(Records shown begins)

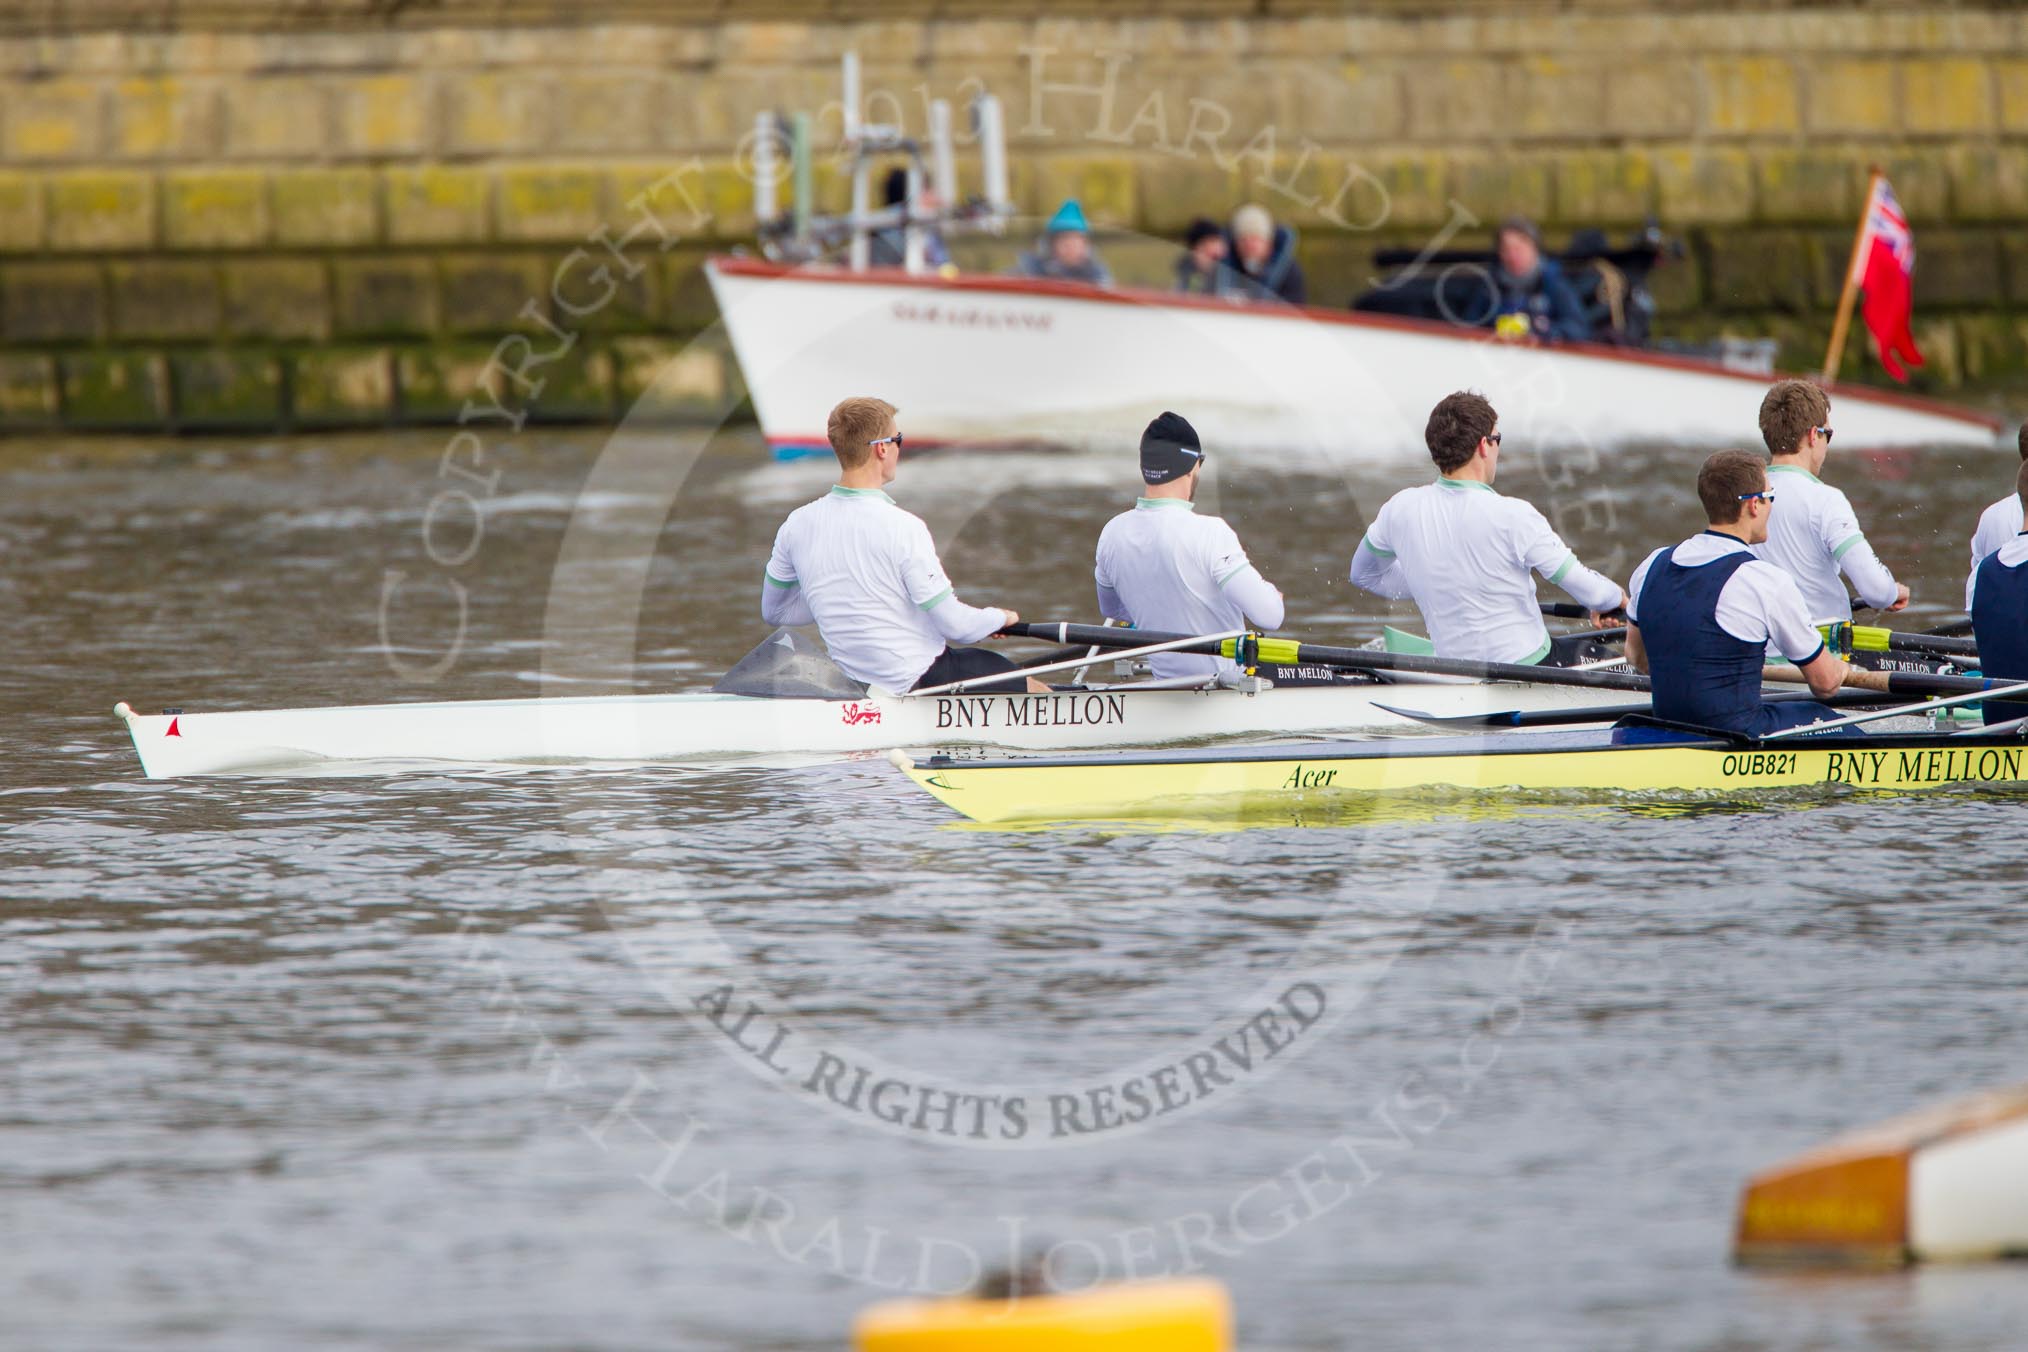 The Boat Race 2013.
Putney,
London SW15,

United Kingdom,
on 31 March 2013 at 16:31, image #272

(Records shown ends)

- [Task objective]:
Repeat the records above exactly. No pictures go into the repeat.

- [Response box]:
 The Boat Race 2013.
Putney,
London SW15,

United Kingdom,
on 31 March 2013 at 16:31, image #272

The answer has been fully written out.